If your store doesn't implement the atomic method your chosen strategy needs (recordFailureAtomic or recordOutcomeAtomic) or claimTrial, redeye logs a one-time warning per missing capability and falls back to a non-atomic get-then-set — it still works, just without the atomicity/exclusivity guarantee for that piece.

Split-brain: what's prevented, and what isn't

There's no split-brain among your app instances in the classic sense, because instances never hold independent authoritative state to write from — every state-changing decision goes through the store, and the two local caches (openCacheRefreshMs, localCache) exist only to skip reading it before an already-known-safe decision, never to substitute for it. The store is the only "brain"; instances are just readers/writers of it, some of the time from a recent, bounded-staleness memory of what they last read instead of asking again. Two mechanisms enforce agreement on the common path:

  • Atomic writes. recordFailureAtomic/recordOutcomeAtomic run as one Lua script — GET, decode, increment, decide, SET — inside Redis's single-threaded execution, so two instances failing at the same instant can't both read the same count and both write the same increment.
  • Exclusive trial claim. claimTrial is a SET ... NX, which Redis resolves atomically, so exactly one instance ever runs the half-open recovery probe — never two instances simultaneously deciding they're the one testing recovery.

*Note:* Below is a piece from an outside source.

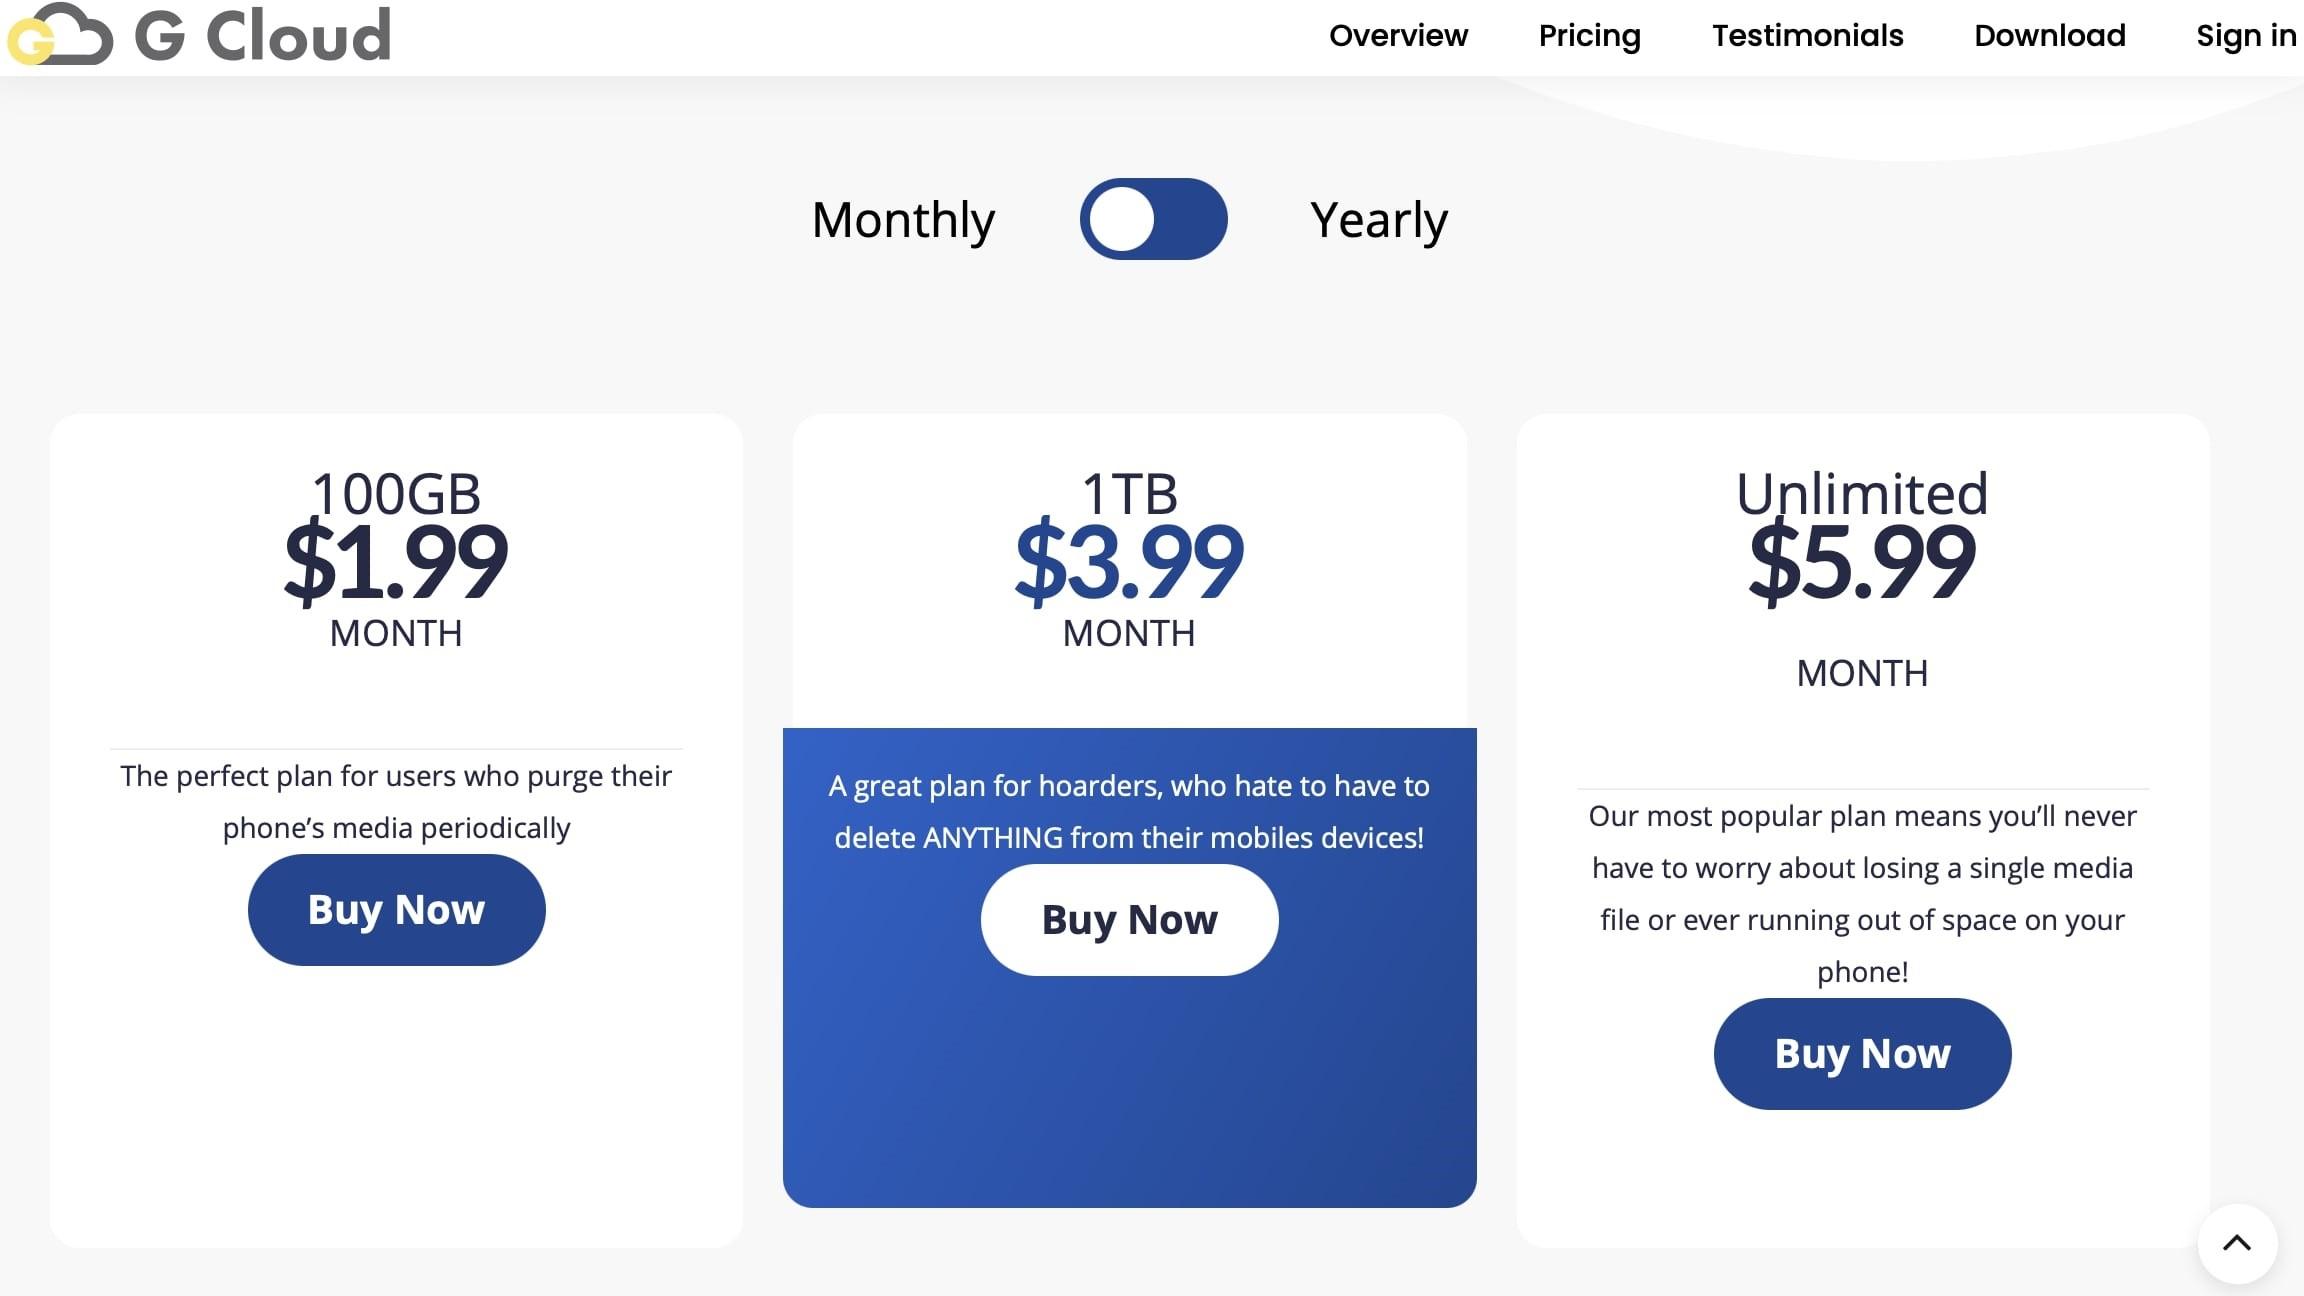 G Cloud Pricing

So the design doesn't eliminate split-brain so much as route around it: it pushes the single-arbiter requirement onto the store and never lets an instance act on stale local state instead of asking the store. That said, there are real, narrow windows where instances can still disagree — each one is a deliberate availability-over-consistency choice, not a hidden gap:

  • An instance partitioned from the store fails open independently (item 9 below) — during the partition, that one instance's view of the breaker can genuinely diverge from the rest of the fleet's.
  • A claimTrial error can rarely produce two "winners" (item 10 below) — a narrow window traded for never permanently wedging the breaker open.
  • A slow trial outliving its claim's TTL is the more likely way to get two concurrent trials (item 11 below) — routine for a slowly-recovering dependency, not rare like item 10.
  • The store's own replication/failover consistency is inherited, not solved (item 12 below) — this library adds no consensus layer on top of whatever your Redis deployment already guarantees.
  • Clock skew causes timing disagreement, not state disagreement (item 3 below) — it can shift exactly when a trial becomes eligible, but it cannot cause a double-trial, since that's arbitrated by the store, not by comparing clocks.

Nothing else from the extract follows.